→ Task details
What you give back from the listing below should be an exact copy of the lines from the one with "k the kruse" down to the one with "POOR BLACK PIGEON", and it should contain no pictures.

(Provided data)

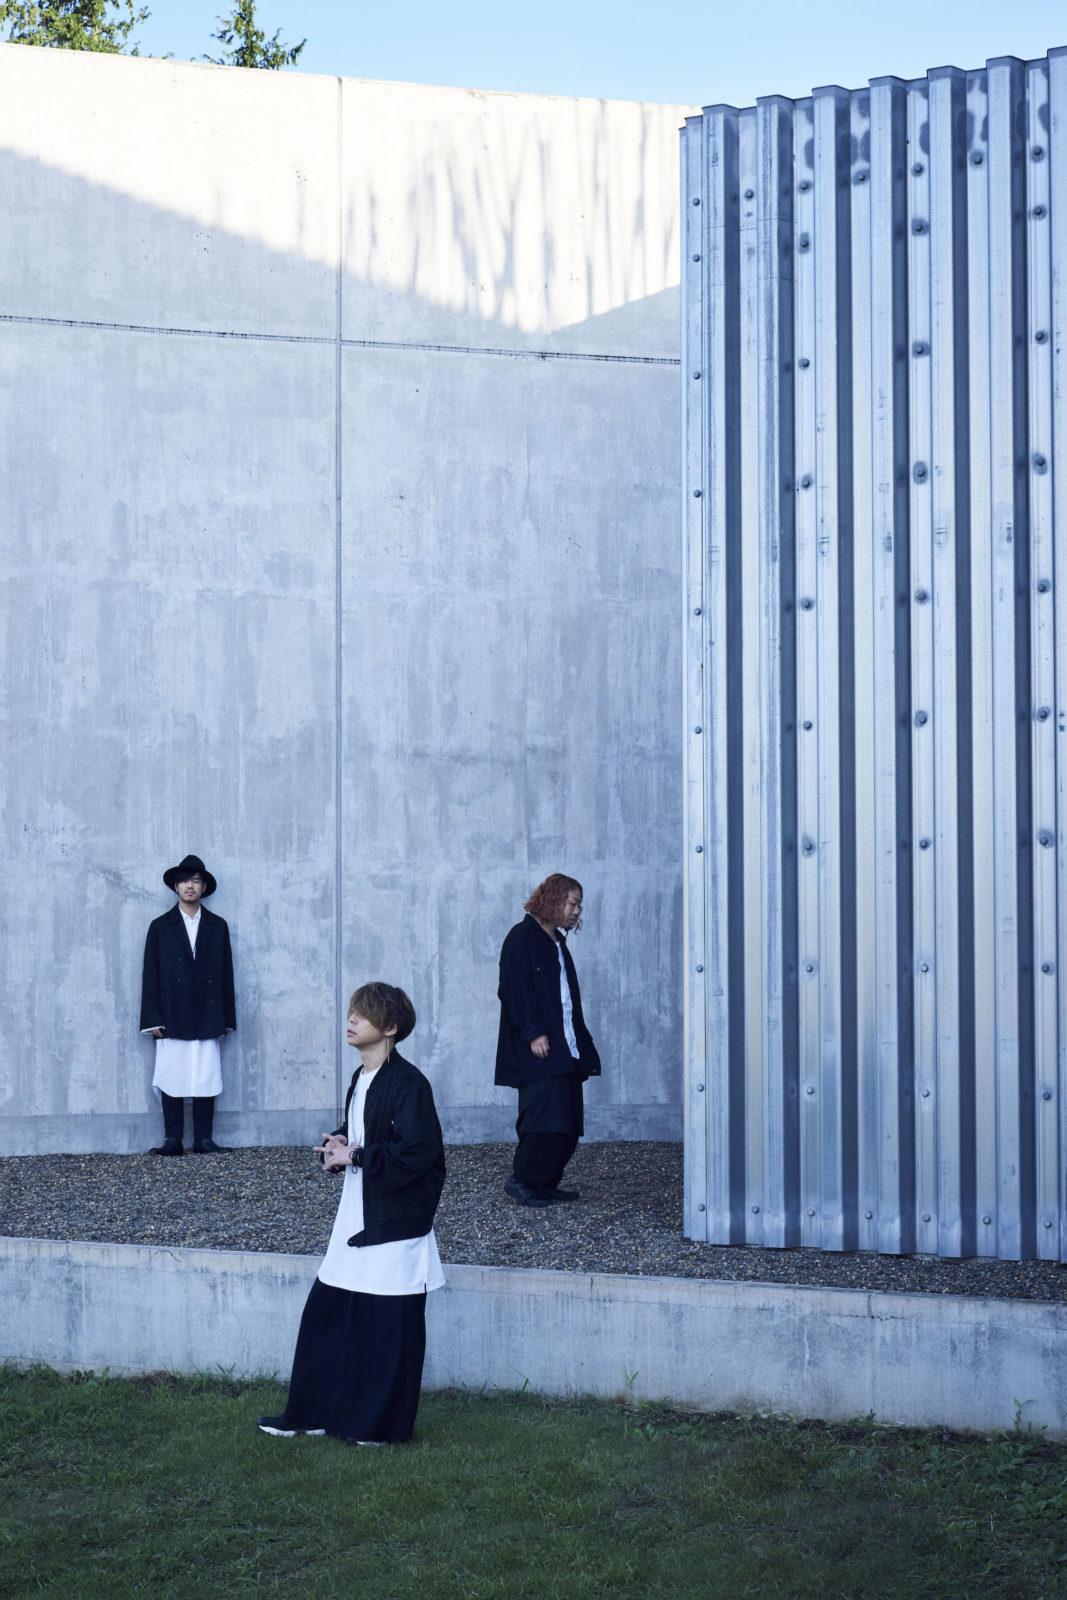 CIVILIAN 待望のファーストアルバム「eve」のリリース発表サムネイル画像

(End Provided data)
(Provided data)

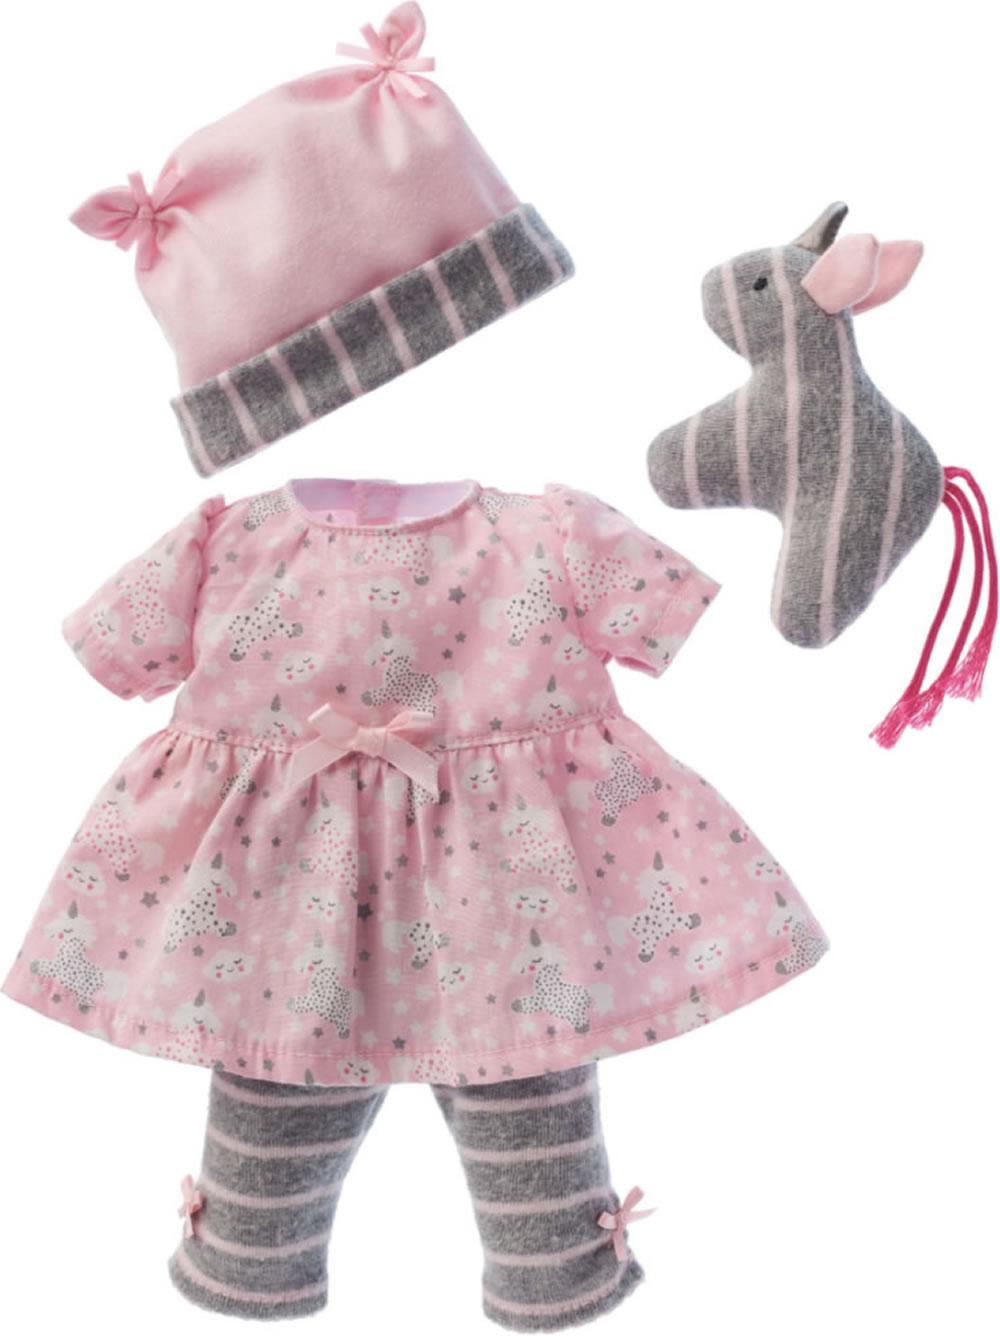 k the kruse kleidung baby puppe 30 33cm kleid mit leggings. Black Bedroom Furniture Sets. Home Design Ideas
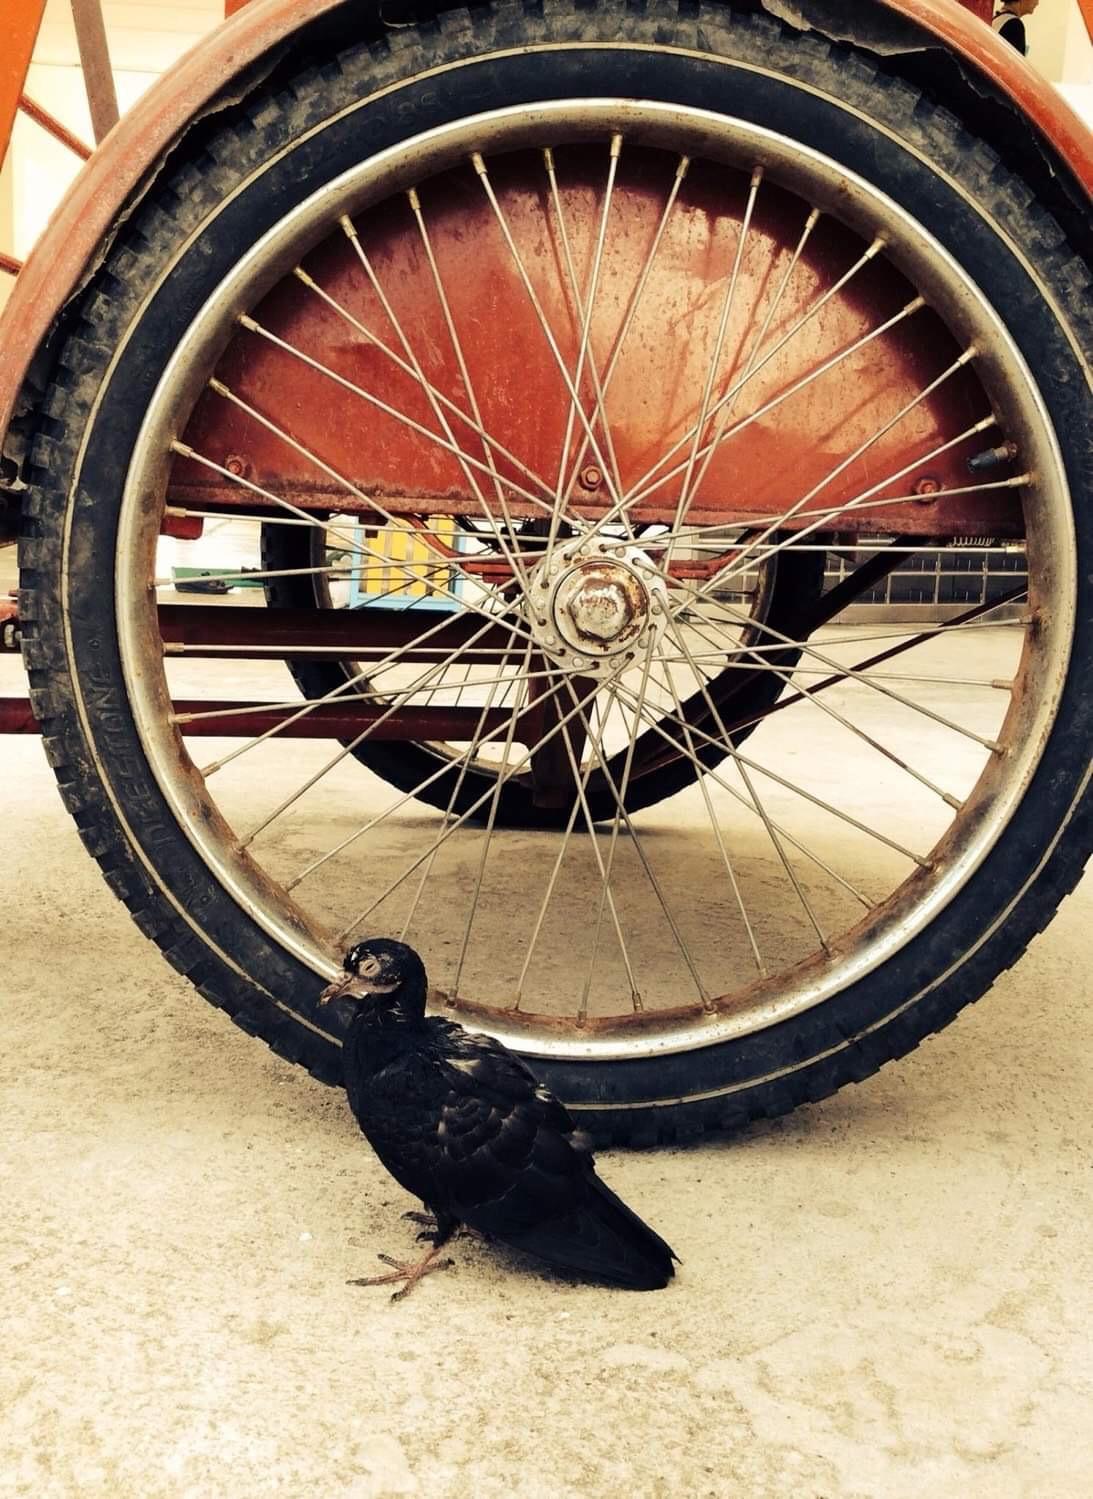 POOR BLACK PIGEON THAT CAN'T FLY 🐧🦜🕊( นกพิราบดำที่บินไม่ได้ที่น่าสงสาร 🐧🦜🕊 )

(End Provided data)
(Provided data)

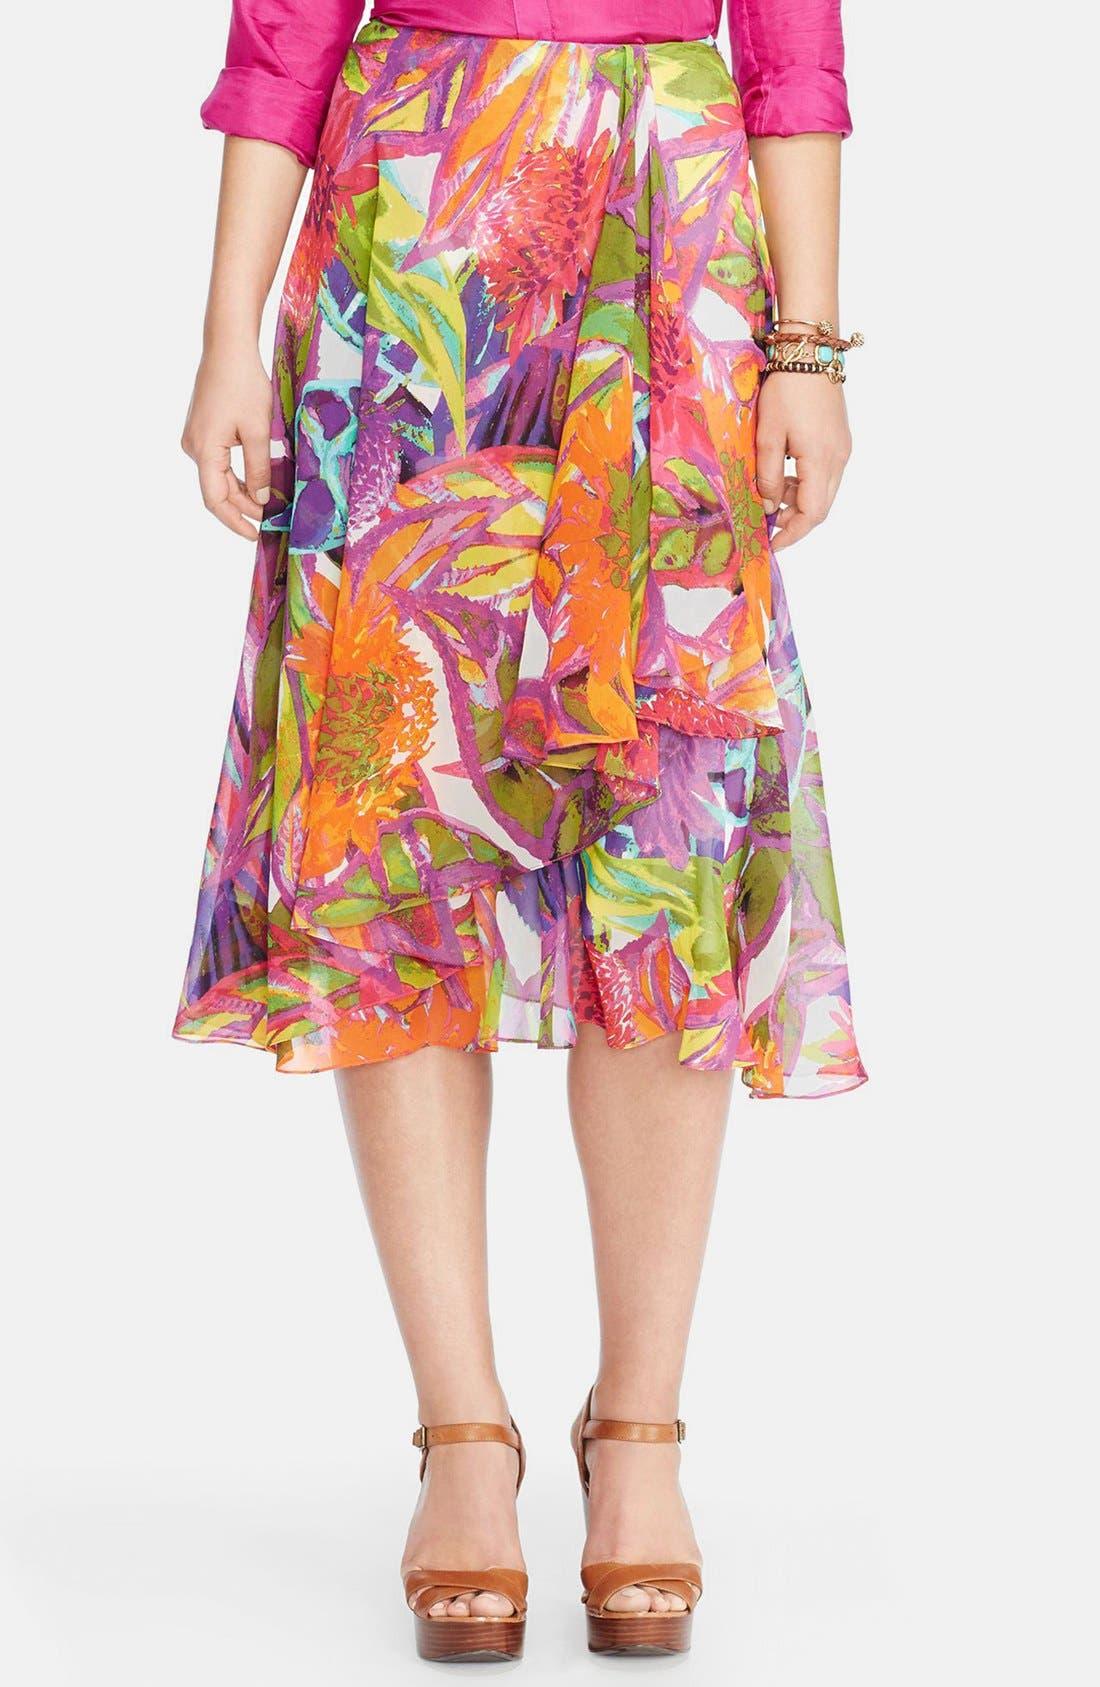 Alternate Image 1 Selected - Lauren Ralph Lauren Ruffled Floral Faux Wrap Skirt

(End Provided data)

→ Solution to this exercise
 k the kruse kleidung baby puppe 30 33cm kleid mit leggings. Black Bedroom Furniture Sets. Home Design Ideas
 POOR BLACK PIGEON THAT CAN'T FLY 🐧🦜🕊( นกพิราบดำที่บินไม่ได้ที่น่าสงสาร 🐧🦜🕊 )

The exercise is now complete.